Wie Pikrocholos auf der Flucht das Unglück ereilte, und was Gargantua nach der Schlacht tat

Verzweifelt, wie er war, floh Pikrocholos nach Île-Bouchard, und auf dem Weg, der nach Rivière führt, strauchelte sein Pferd und stürzte zu Boden. Das brachte ihn so sehr in Rage, dass er es in seiner Wut mit dem Schwert tötete. Da er niemanden fand, der ihm zu einem neuen Reitpferd verhalf, wollte er sich aus einer Mühle, die in der Nähe lag, einen Esel nehmen; aber die Müllersleute verpassten ihm eine gehörige Tracht Prügel, rissen ihm die Montur vom Leib und überließen ihm einen abgewetzten Kittel, den er überziehen konnte.

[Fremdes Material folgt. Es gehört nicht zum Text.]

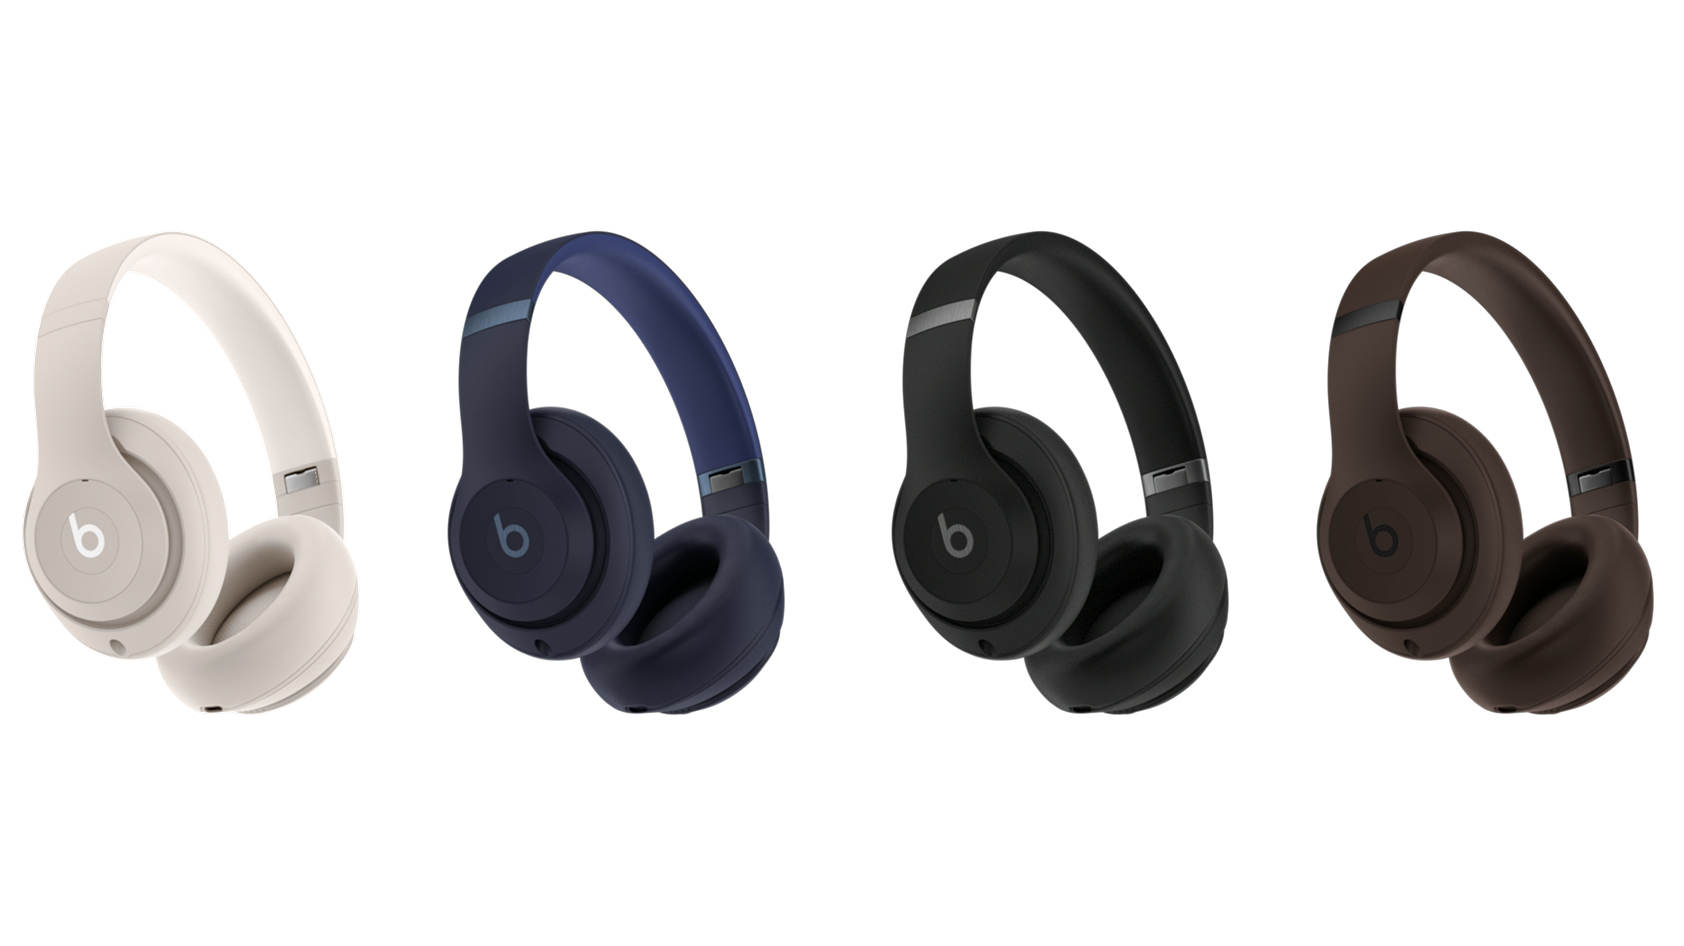 Renders of the Beats Studio Pro in ivory, navy, black, and brown.

So zog nun der arme Zornwütige davon. Als er bei Port-Huault über den Fluss setzte und dort von seinem Unglück erzählte, verkündete ihm eine alte Hexe, dass er sein Königreich wiederbekommen werde, wenn die Hahnenstorchkraniche kämen. Von diesem Zeitpunkt an weiß man nicht, was aus ihm geworden ist. Man hat mir jedoch erzählt, dass er zurzeit als armer Tagelöhner in Lyon lebe, genauso jähzornig wie früher, und immer noch alle Fremden nach der Ankunft der Hahnenstorchkraniche befrage, weil er gemäß der Prophezeiung der Alten zweifellos hofft, bei deren Eintreffen wieder in sein Königreich eingesetzt zu werden.